A dict mapping field names to list of class label strings for the corresponding fields of the dataset.

Examples:

import fiftyone as fo

dataset = fo.Dataset()

# Set classes for the `ground_truth` and `predictions` fields
dataset.classes = {
    "ground_truth": ["cat", "dog"],
    "predictions": ["cat", "dog", "other"],
}

# Edit an existing classes list
dataset.classes["ground_truth"].append("other")
dataset.save()  # must save after edits

@property
created_at = (source) ¶

The datetime that the dataset was created.

@property
default_classes = (source) ¶

overrides fiftyone.core.collections.SampleCollection.default_classes

A list of class label strings for all fiftyone.core.labels.Label fields of this dataset that do not have customized classes defined in classes.

Examples:

import fiftyone as fo

dataset = fo.Dataset()

# Set default classes
dataset.default_classes = ["cat", "dog"]

# Edit the default classes
dataset.default_classes.append("rabbit")
dataset.save()  # must save after edits

@property
default_group_slice = (source) ¶

overrides fiftyone.core.collections.SampleCollection.default_group_slice

The default group slice of the dataset, or None if the dataset is not grouped.

Examples:

import fiftyone as fo
import fiftyone.zoo as foz

dataset = foz.load_zoo_dataset("quickstart-groups")

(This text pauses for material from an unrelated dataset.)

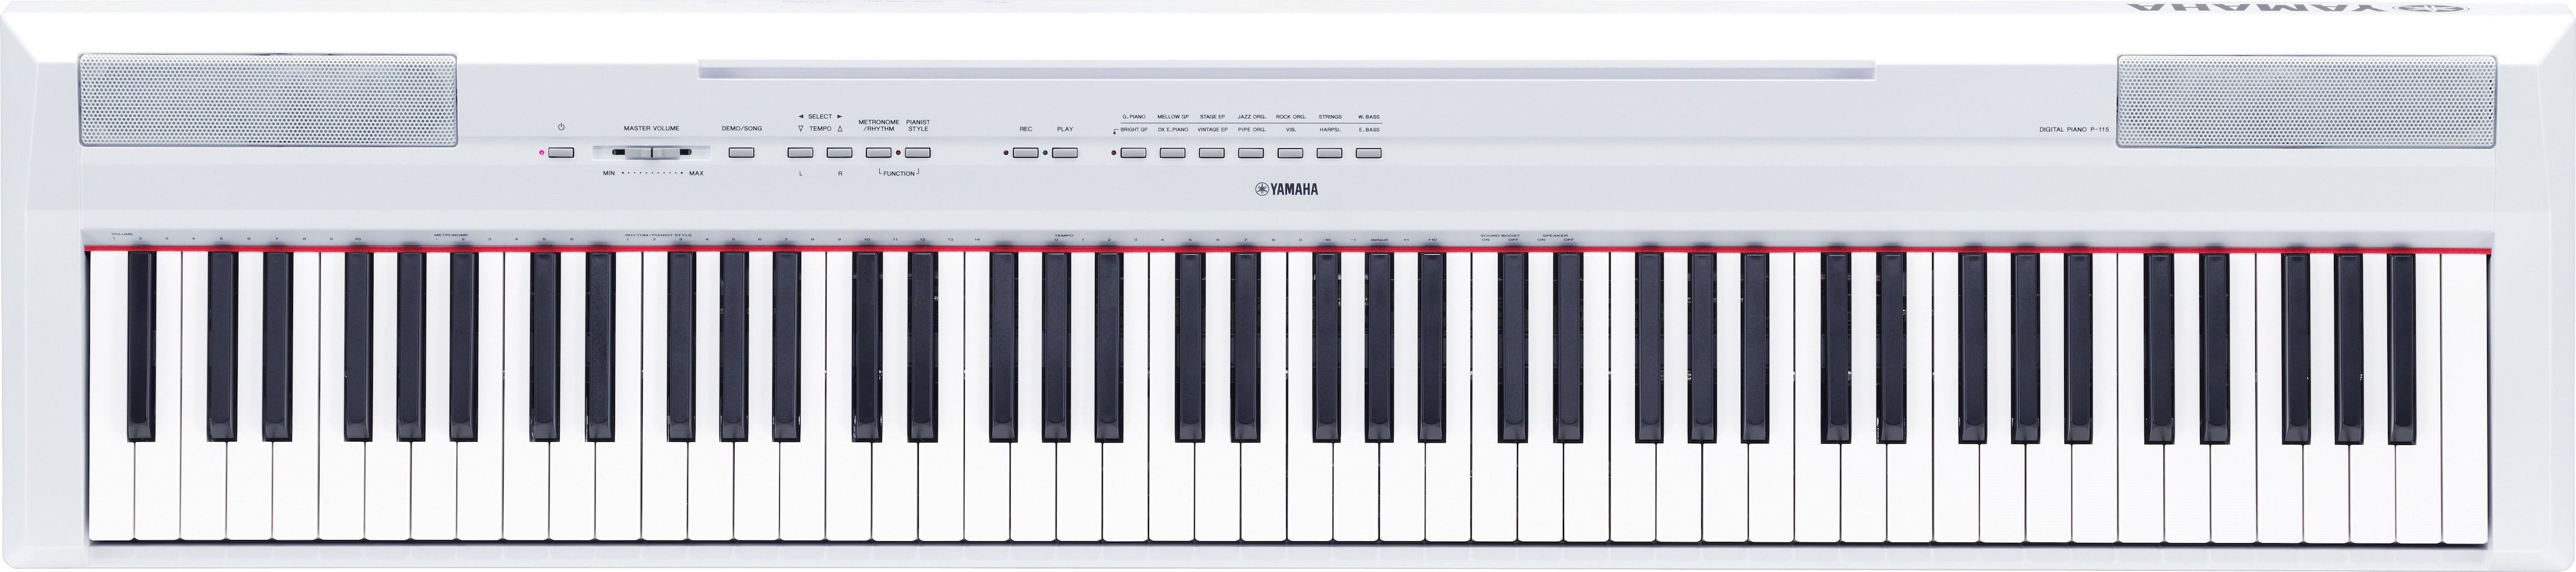 P-115 - Overview - P Series - Pianos - Musical Instruments 
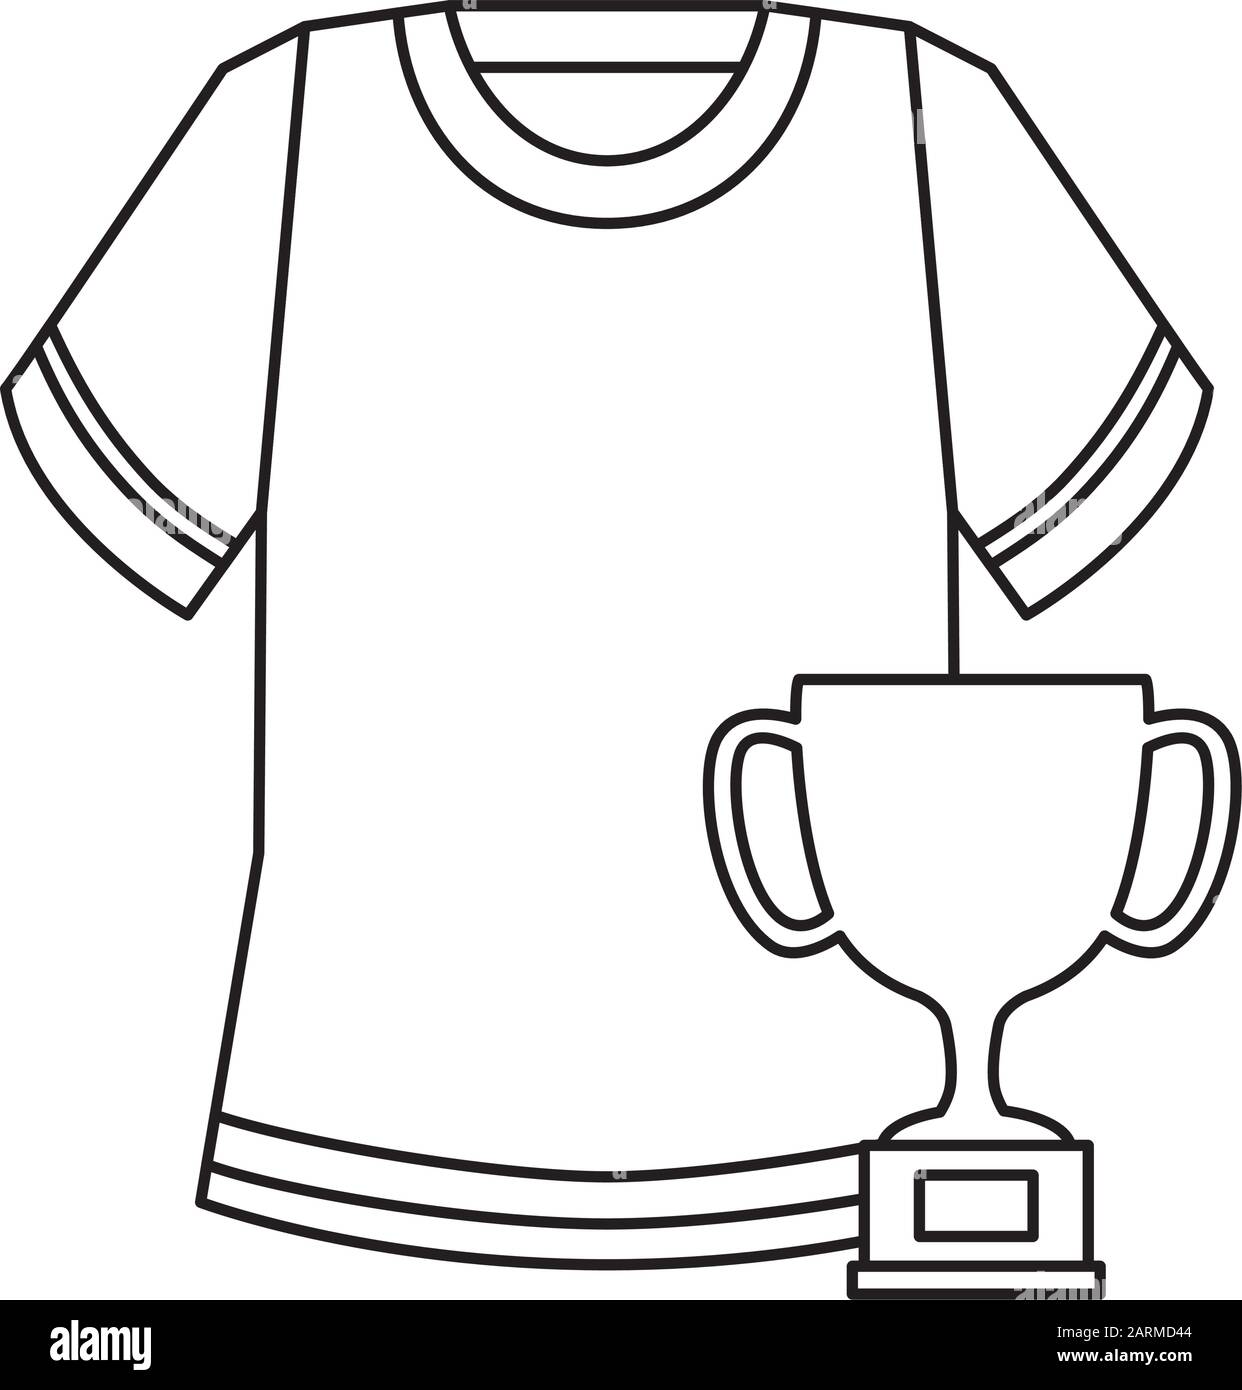 cup trophy and american football shirt Stock Vector

print(dataset.default_group_slice)
# left

# Change the default group slice
dataset.default_group_slice = "right"

print(dataset.default_group_slice)
# right

@property
default_mask_targets = (source) ¶

overrides fiftyone.core.collections.SampleCollection.default_mask_targets

A dict defining a default mapping between pixel values (2D masks) or RGB hex strings (3D masks) and label strings for the segmentation masks of all fiftyone.core.labels.Segmentation fields of this dataset that do not have customized mask targets defined in mask_targets.

Examples:

import fiftyone as fo

#
# 2D masks
#

dataset = fo.Dataset()

# Set default mask targets
dataset.default_mask_targets = {1: "cat", 2: "dog"}

# Or, for RGB mask targets
dataset.default_mask_targets = {"#3f0a44": "road", "#eeffee": "building", "#ffffff": "other"}

# Edit the default mask targets
dataset.default_mask_targets[255] = "other"
dataset.save()  # must save after edits

#
# 3D masks
#

dataset = fo.Dataset()

# Set default mask targets
dataset.default_mask_targets = {"#499CEF": "cat", "#6D04FF": "dog"}

# Edit the default mask targets
dataset.default_mask_targets["#FF6D04"] = "person"
dataset.save()  # must save after edits

@property
default_skeleton = (source) ¶

overrides fiftyone.core.collections.SampleCollection.default_skeleton

A default fiftyone.core.odm.dataset.KeypointSkeleton defining the semantic labels and point connectivity for all fiftyone.core.labels.Keypoint fields of this dataset that do not have customized skeletons defined in skeleton.

Examples:

import fiftyone as fo

dataset = fo.Dataset()

# Set default keypoint skeleton
dataset.default_skeleton = fo.KeypointSkeleton(
    labels=[
        "left hand" "left shoulder", "right shoulder", "right hand",
        "left eye", "right eye", "mouth",
    ],
    edges=[[0, 1, 2, 3], [4, 5, 6]],
)

# Edit the default skeleton
dataset.default_skeleton.labels[-1] = "lips"
dataset.save()  # must save after edits

@property
deleted = (source) ¶

Whether the dataset is deleted.

@property
description = (source) ¶

overrides fiftyone.core.collections.SampleCollection.description

A string description on the dataset.

Examples:

import fiftyone as fo

dataset = fo.Dataset()

# Store a description on the dataset
dataset.description = "Your description here"

@property
group_field = (source) ¶

overrides fiftyone.core.collections.SampleCollection.group_field

The group field of the dataset, or None if the dataset is not grouped.

Examples:

import fiftyone as fo
import fiftyone.zoo as foz

dataset = foz.load_zoo_dataset("quickstart-groups")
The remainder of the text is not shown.